I’m not a mental health professional, so first and foremost I suggest being open about your feelings with someone you trust or finding a professional that can help you work through your thoughts.
Personally, I have three ways I approach my own depression.
I have a checklist of things I should make sure to do to take care of myself mentally & physically
I decide if there’s any shred of truth in the crap my brain tries to feed me
I analyze my life to see if there’s factors affecting me that I need to face & improve upon whether it’s financial, career, love life, family etc
Whether you’re in a 9 to 5 or an entrepreneur, the pressure of the workaholic culture likely affects you. If you don’t perform consistently every day you begin to feel inadequate. I believe that progress is a long journey of rewiring the flawed beliefs in our thinking, learning to become more confident, and being ok with saying “no” more often.
I believe that sometimes we get so used to a crappy situation that we become comfortable with being uncomfortable in the wrong way.
Discomfort IS a good thing for growth but not in this case.
In my time coping with depression, I’ve developed a checklist of things that work for me to handle my depression. The checklist doesn’t always work and that’s ok but it’s the first thing I turn to when I feel off to try and change the direction of my mood. For me, the checklist consists of steps to make sure my body is well-fed, my living space is in order, talking out loud or journaling and a few other things to help me get in a better state. Your own checklist can be anything but you’ll need to give yourself time & patience to understand yourself and create it.
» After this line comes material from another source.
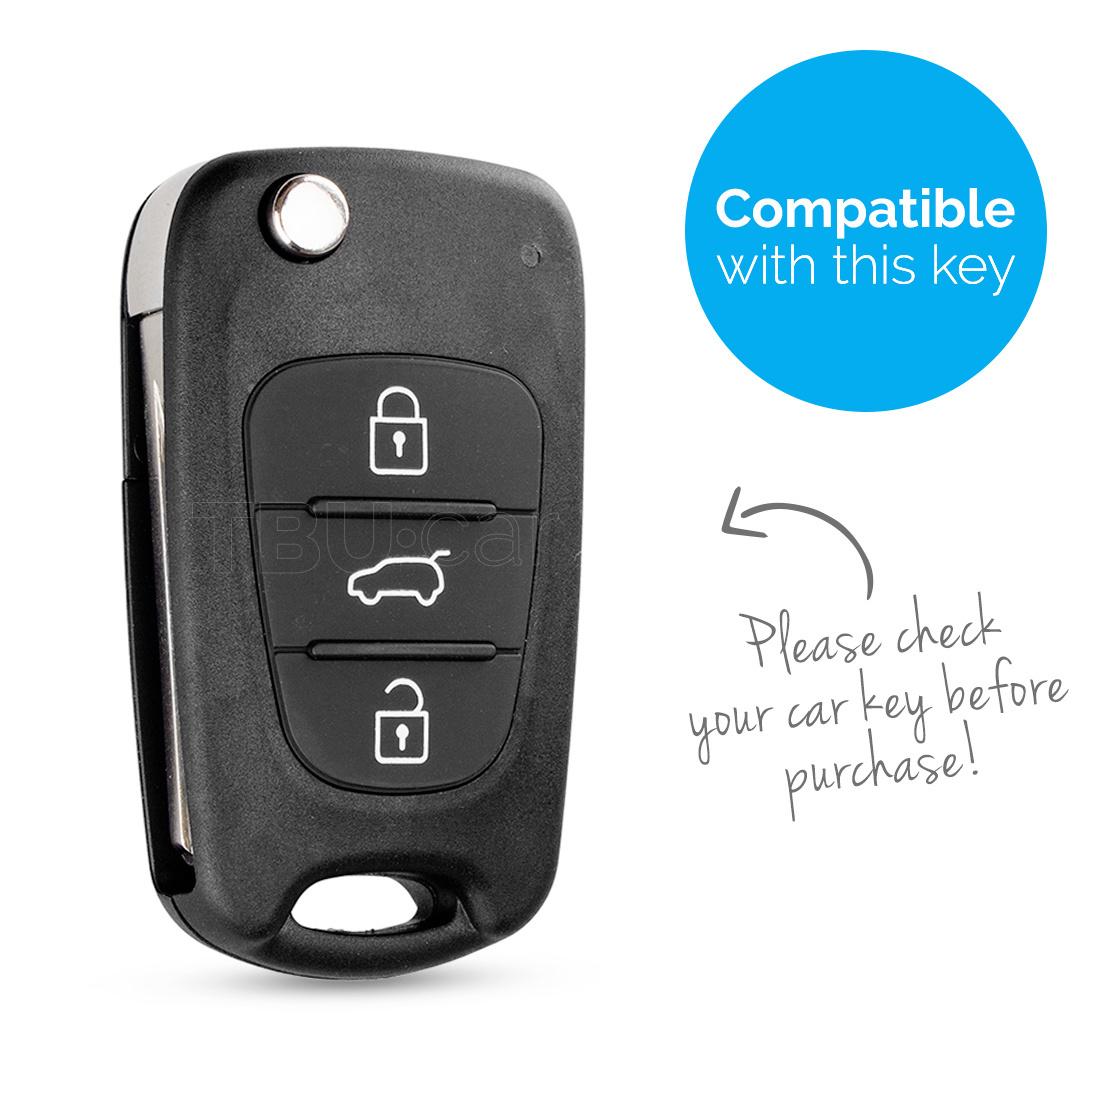 TBU car TBU car Autoschlüssel Hülle kompatibel mit Hyundai 3 Tasten - Schutzhülle aus TPU - Auto Schlüsselhülle Cover in Roségold

You can start with being honest with yourself about what are some things you could do that you know could help you. Maybe it starts with having quick go-to meals you can microwave, a phrase that gives you better perspective, or an activity.
I ask myself if there’s any shred of truth in the BS my mind spews at me. Usually there isn’t but it’s not uncommon if there might be some underlying truths you’ve been scared to face.
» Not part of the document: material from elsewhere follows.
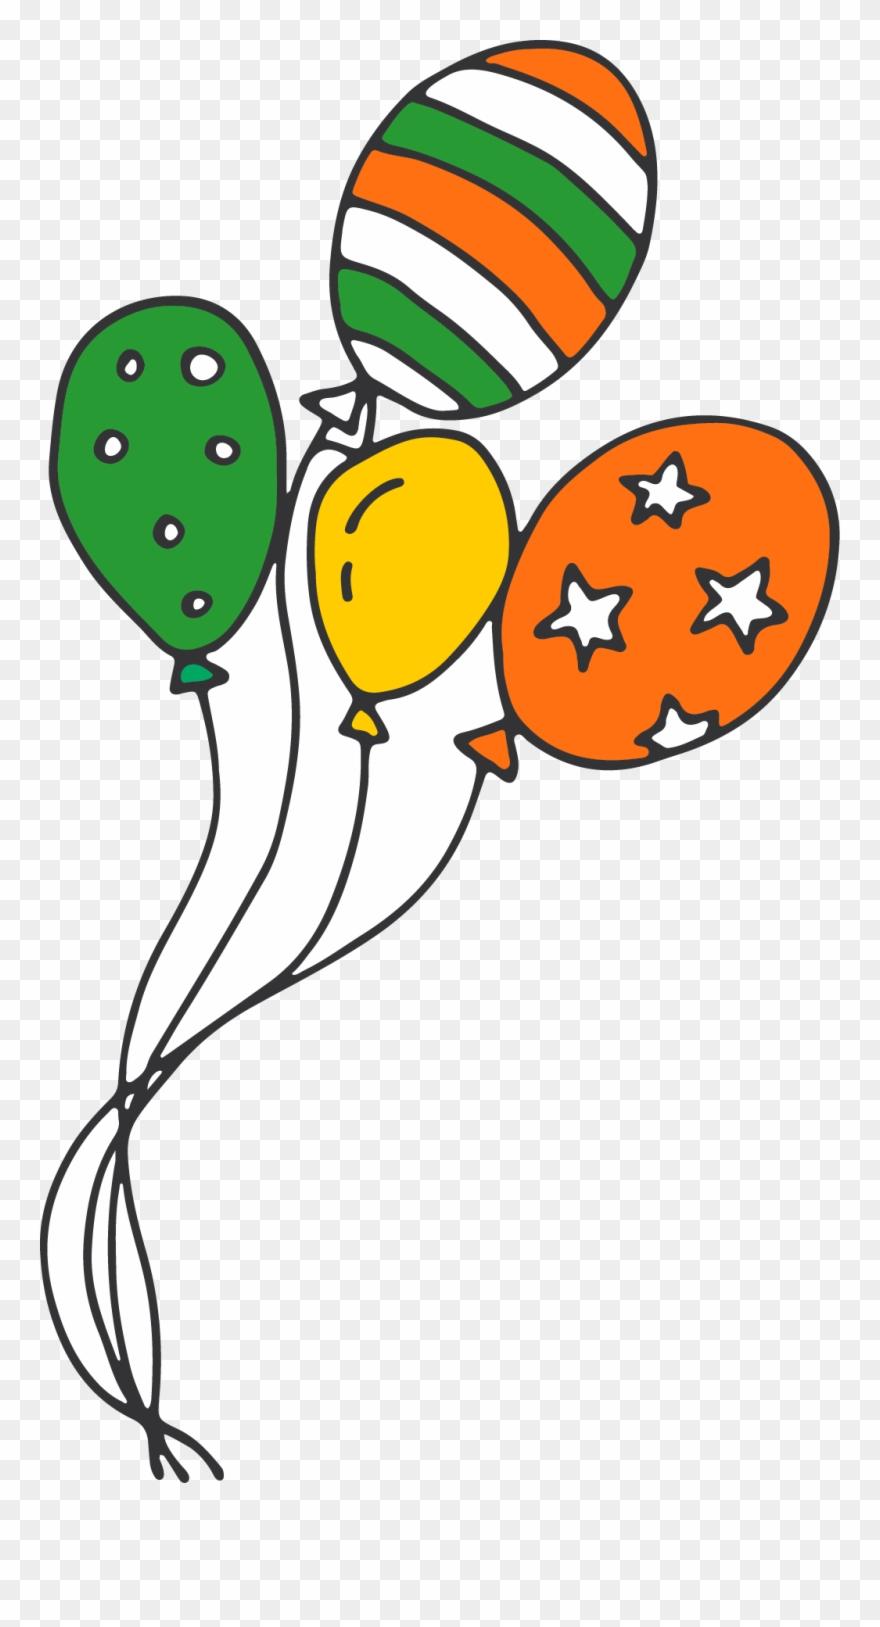 medium resolution of irish party balloons clipart

Lastly, I look at my life in general. I assess if there’s anything bothering me in major pillars of my life whether it’s romantically or financially. You can’t solve things by burying them under superficial layers of positivity. The changes you want come from facing the nasty, scary, and challenging bits you might be tucking away or procrastinating on.
Remember my Bertha? She gets angry & difficult because she needs attention and she’s not getting enough of it.
When you’re depressed it’s so easy to believe you can’t do anything about it, but you can. It’s not easy but it’s doable. You wont see and feel change if you continue to repeat the same motions hoping that one day things will shift all on their own.
There’s many things that need to change and it’s not about playing the blame game. The workforce needs to become more mindful about it’s employees but we also have to take a stand and speak up because change doesn’t happen unless you do something about it.